What you have to do:
In the data below, reproduce everything exactly except the images.

Data excerpt:
________________
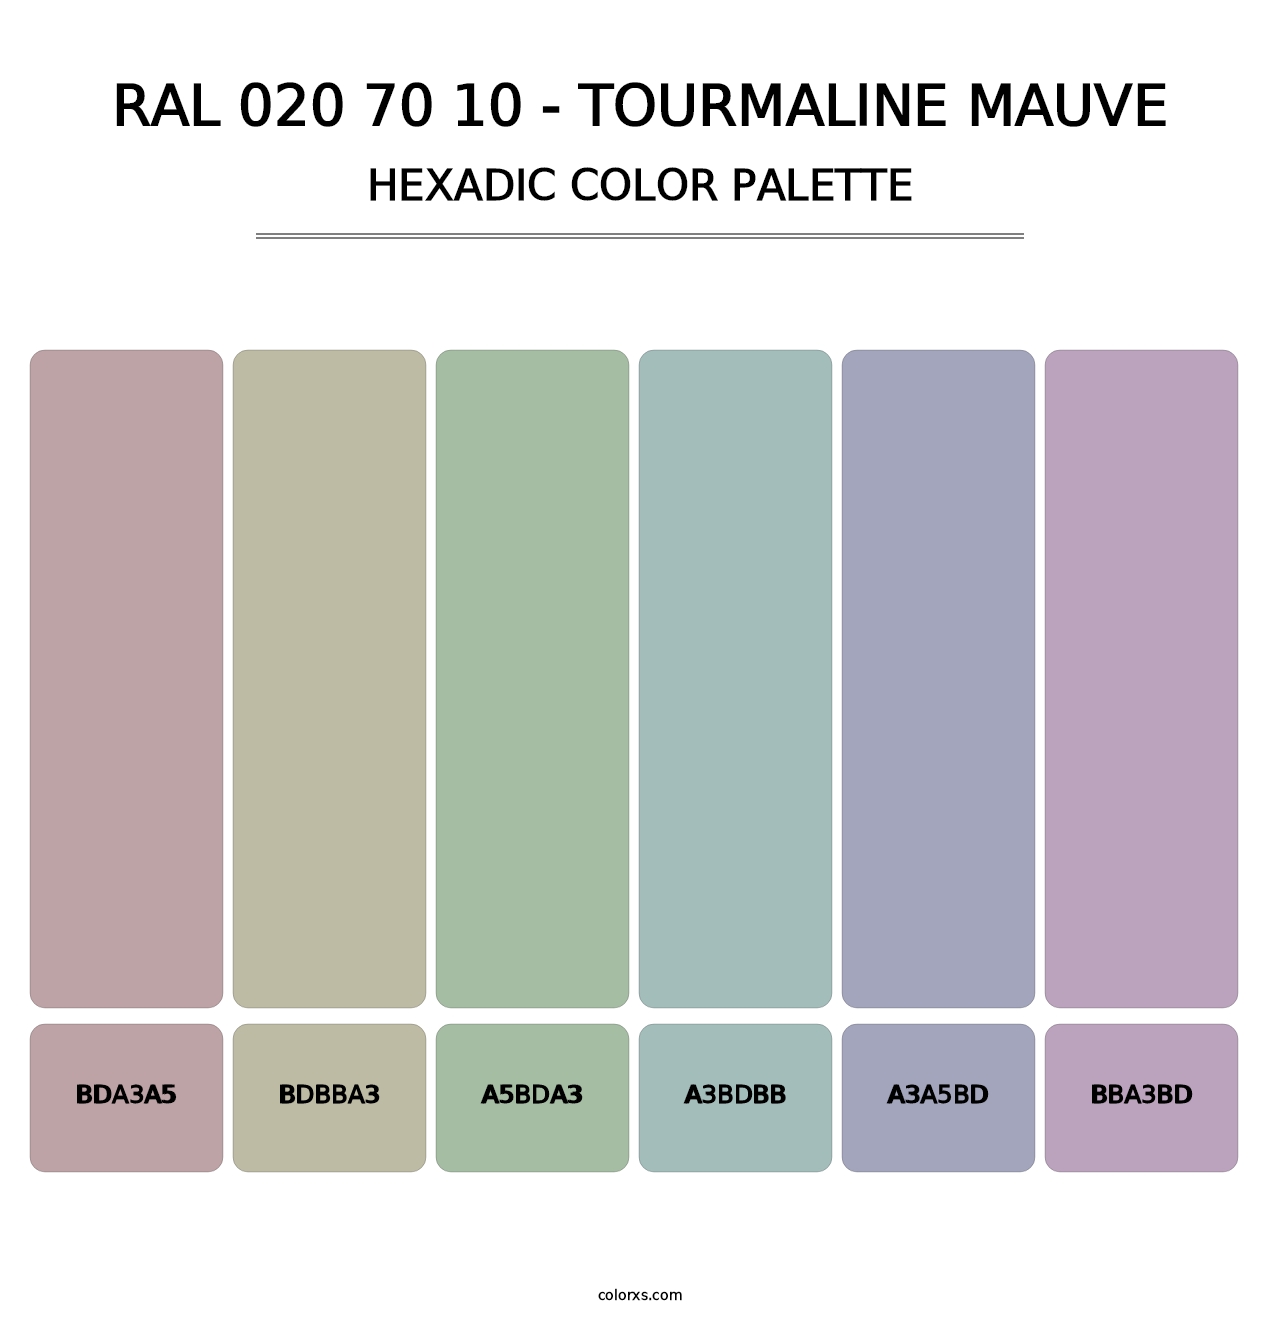 RAL 020 70 10 - Tourmaline Mauve - Hexadic Color Palette
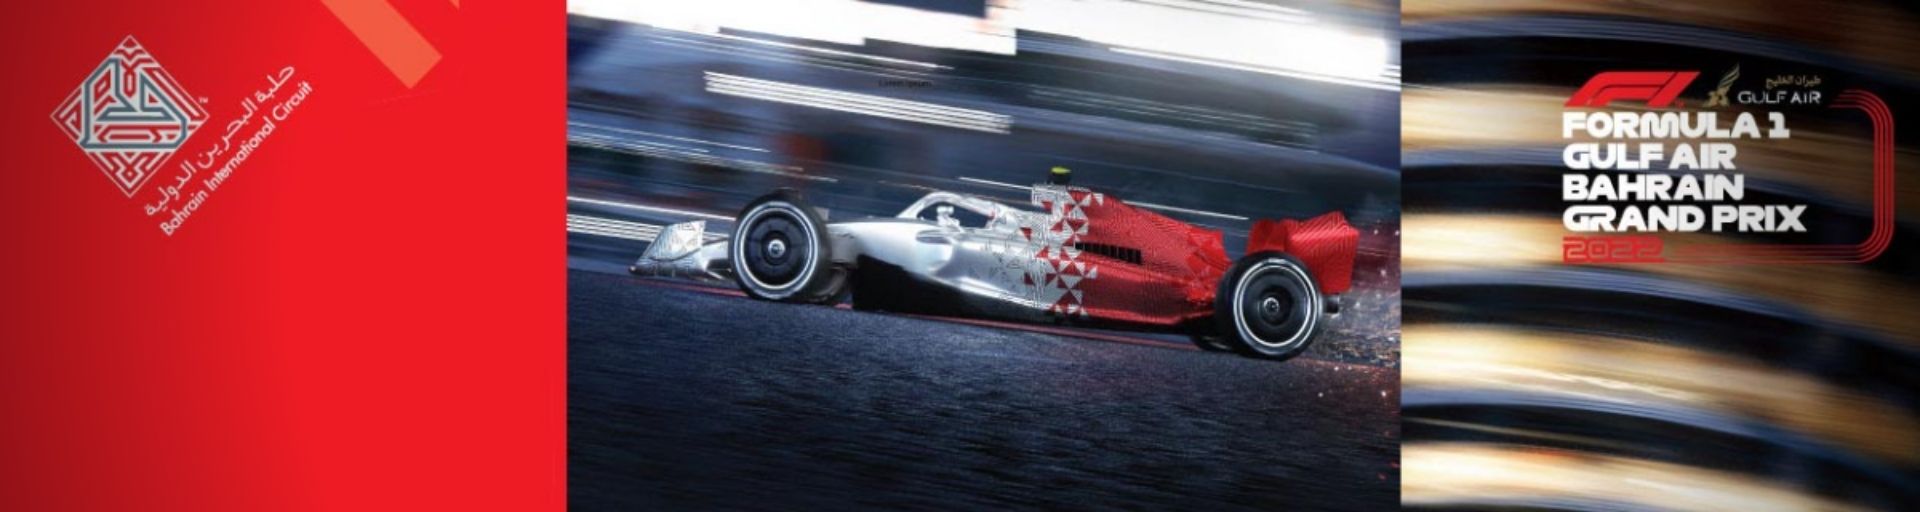 Гран-при Бахрейна 2022
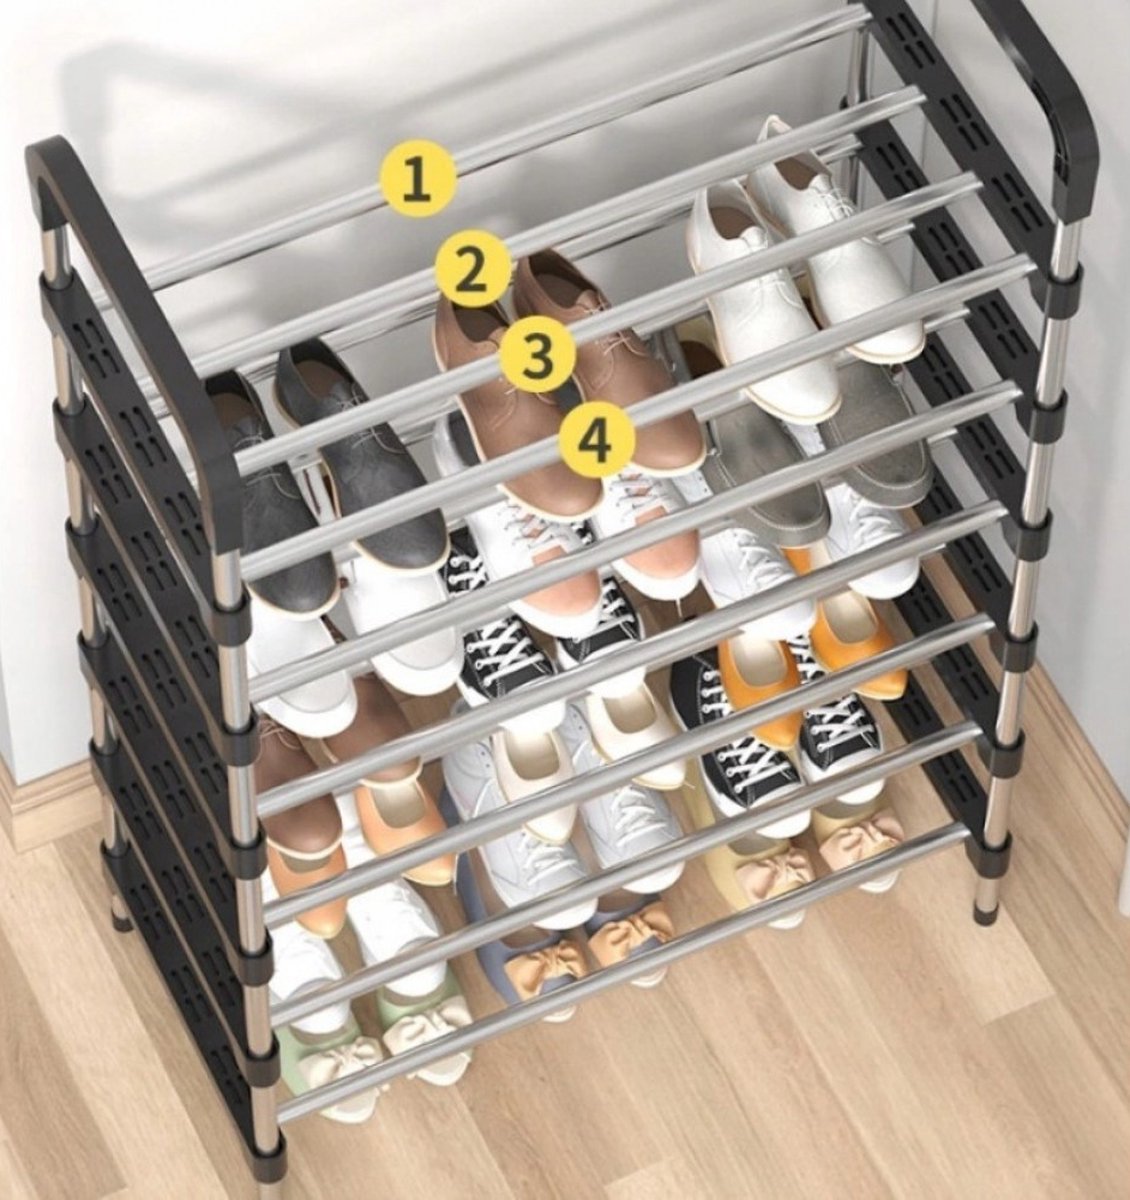 Eleganca Shoe rack with 4 levels
________________
Finished task:
 RAL 020 70 10 - Tourmaline Mauve - Hexadic Color Palette
 Гран-при Бахрейна 2022
 Eleganca Shoe rack with 4 levels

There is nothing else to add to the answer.